▶ **PROBLEM**
Return, unchanged and with no pictures, the lines below from the very first through the one that contains "Primary image for".

▶ **MATERIAL PROVIDED**
************

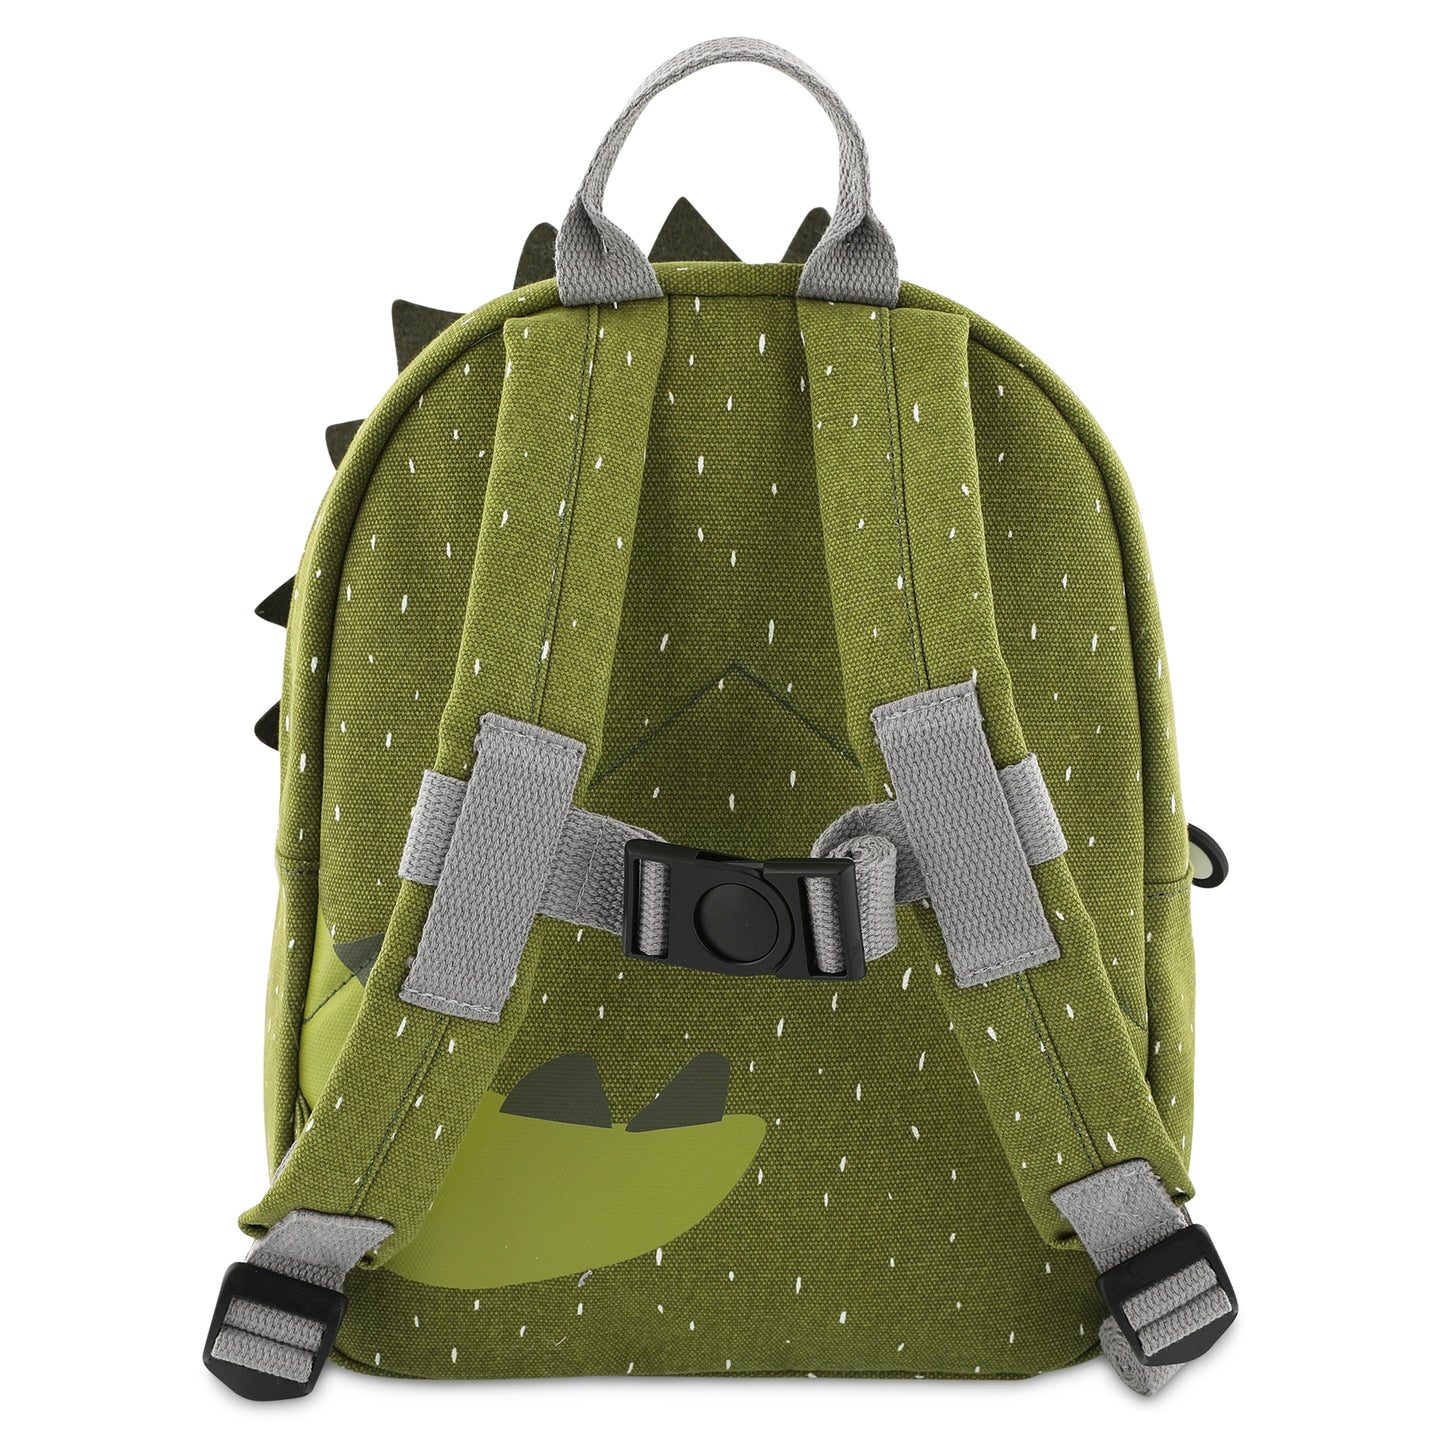 Backpack - Mr. Dino
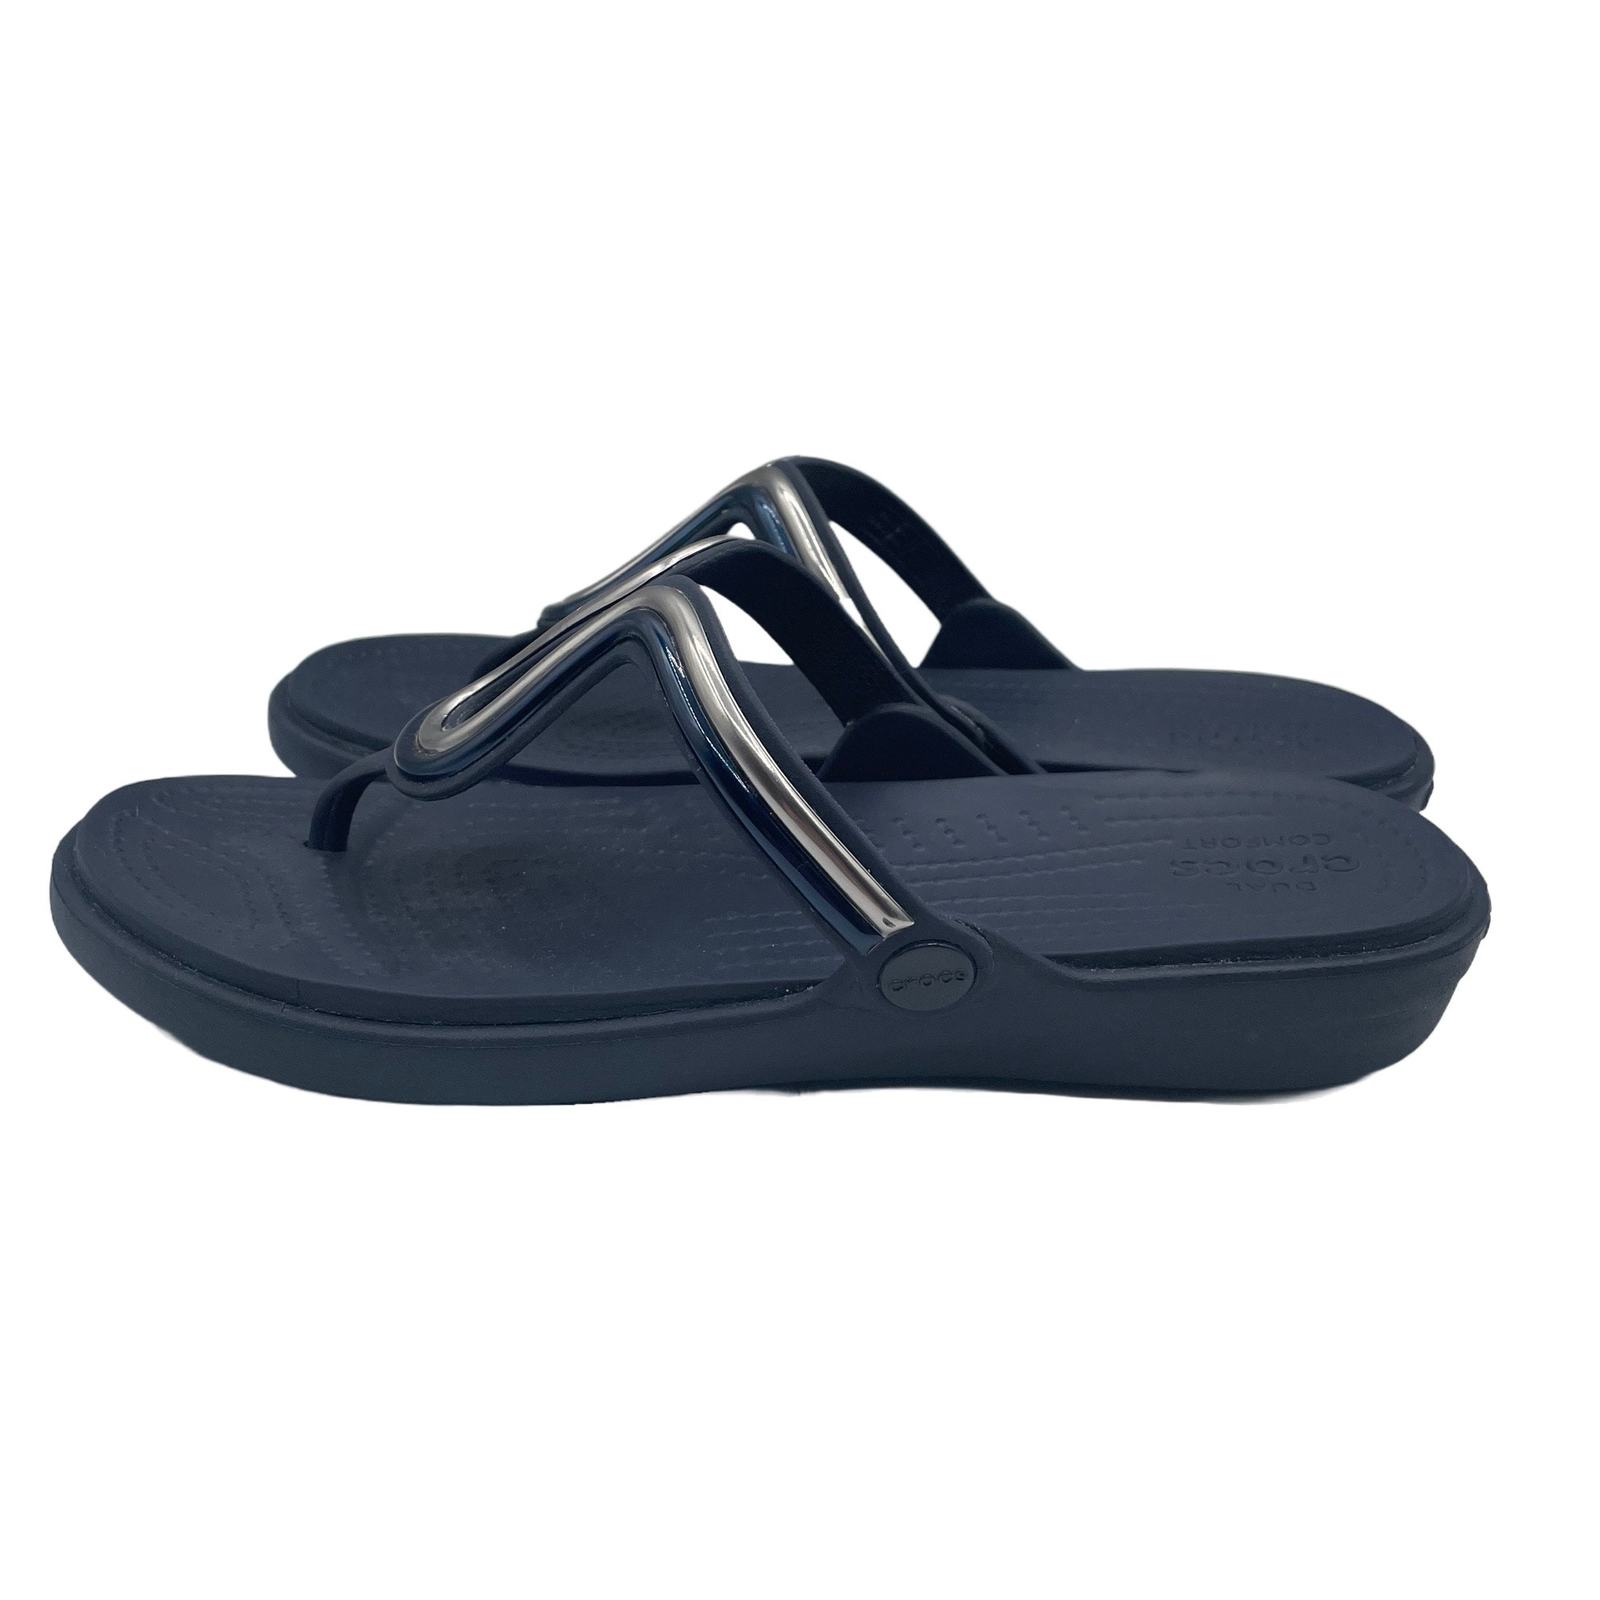 Primary image for Crocs Sanrah Metal Block Flat Flip Flop Sandals Navy Blue Silver Womens Size 9
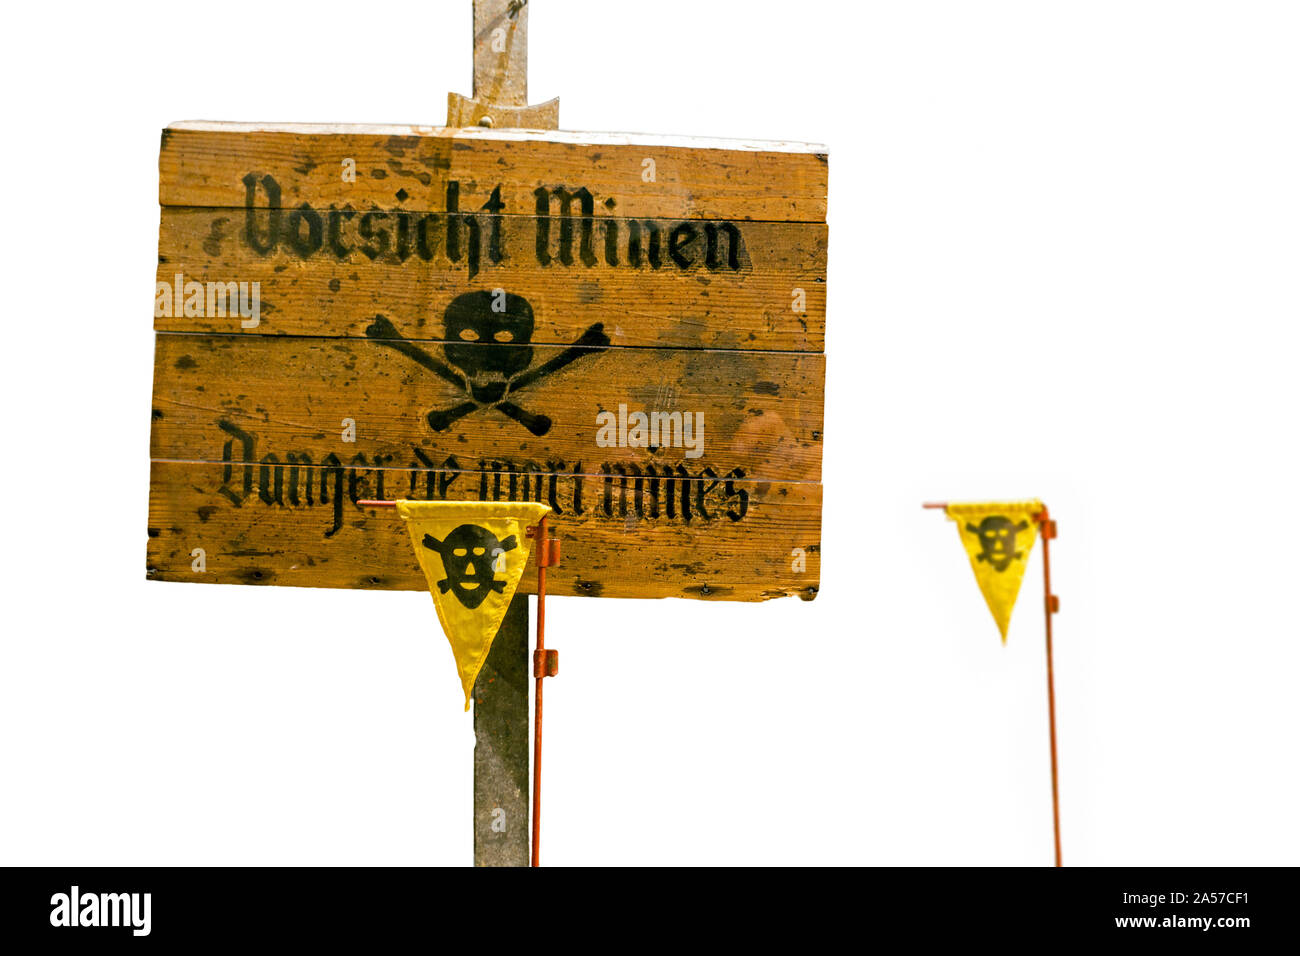 German World War Two wooden Vorsicht Minen / Caution Land Mines warning sign and marker flags marking minefield / minefield against white background Stock Photo
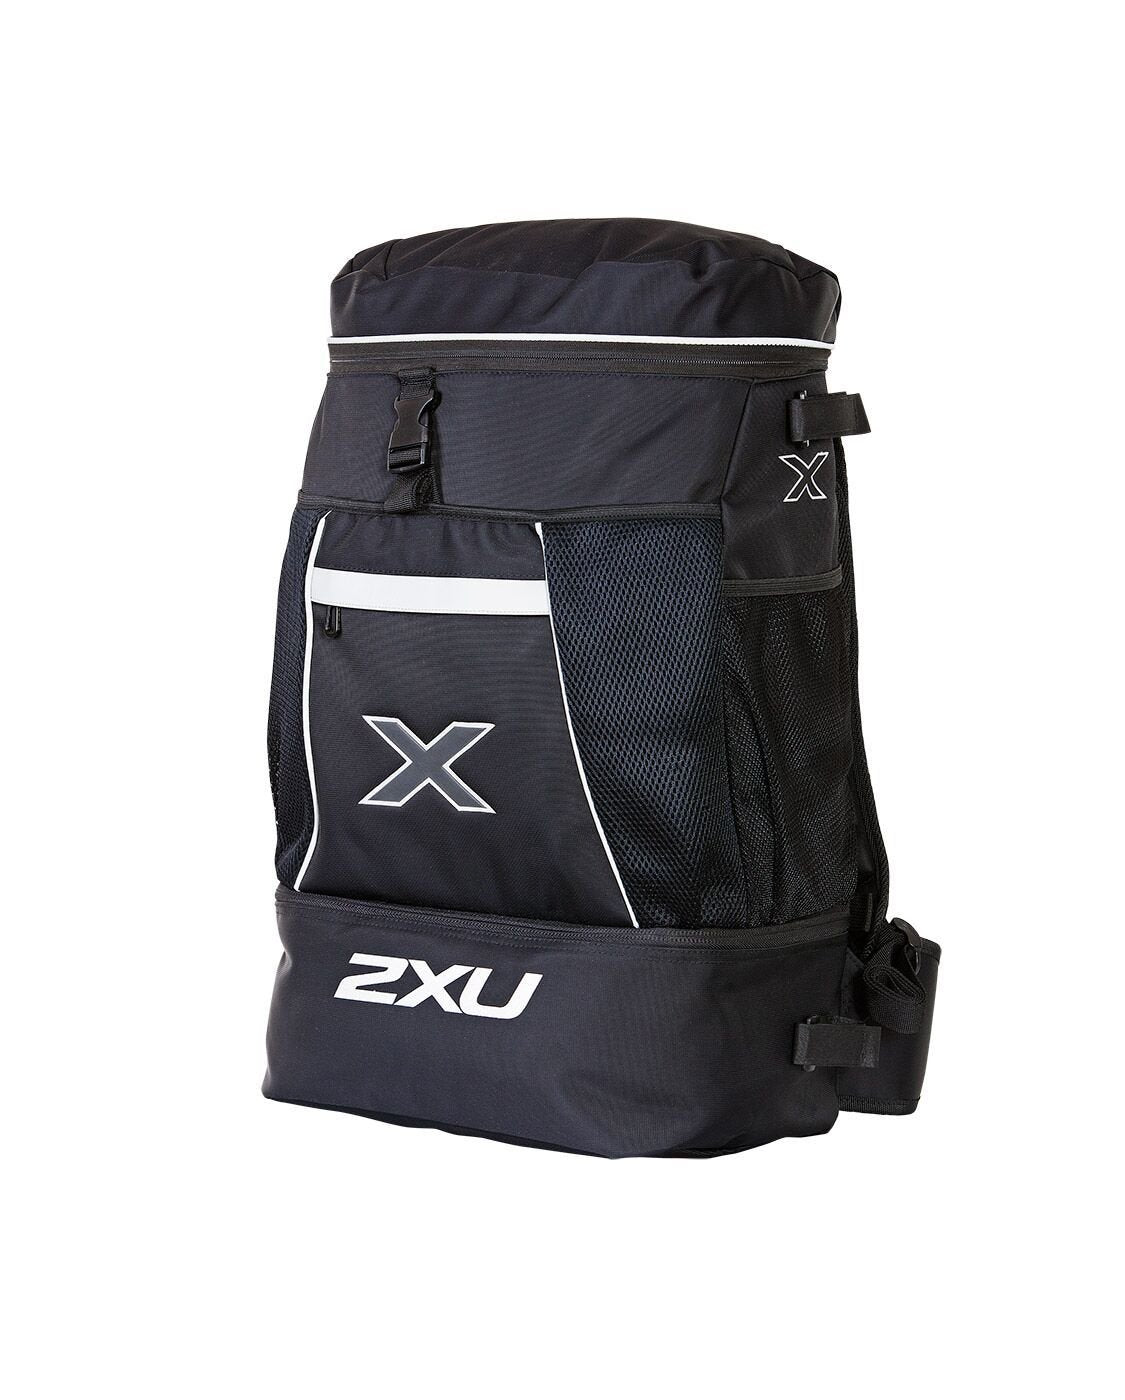 2XU SA - Transition Bag - Black/Black

************

▶ **YOUR SOLUTION**
 Backpack - Mr. Dino
 Primary image for Crocs Sanrah Metal Block Flat Flip Flop Sandals Navy Blue Silver Womens Size 9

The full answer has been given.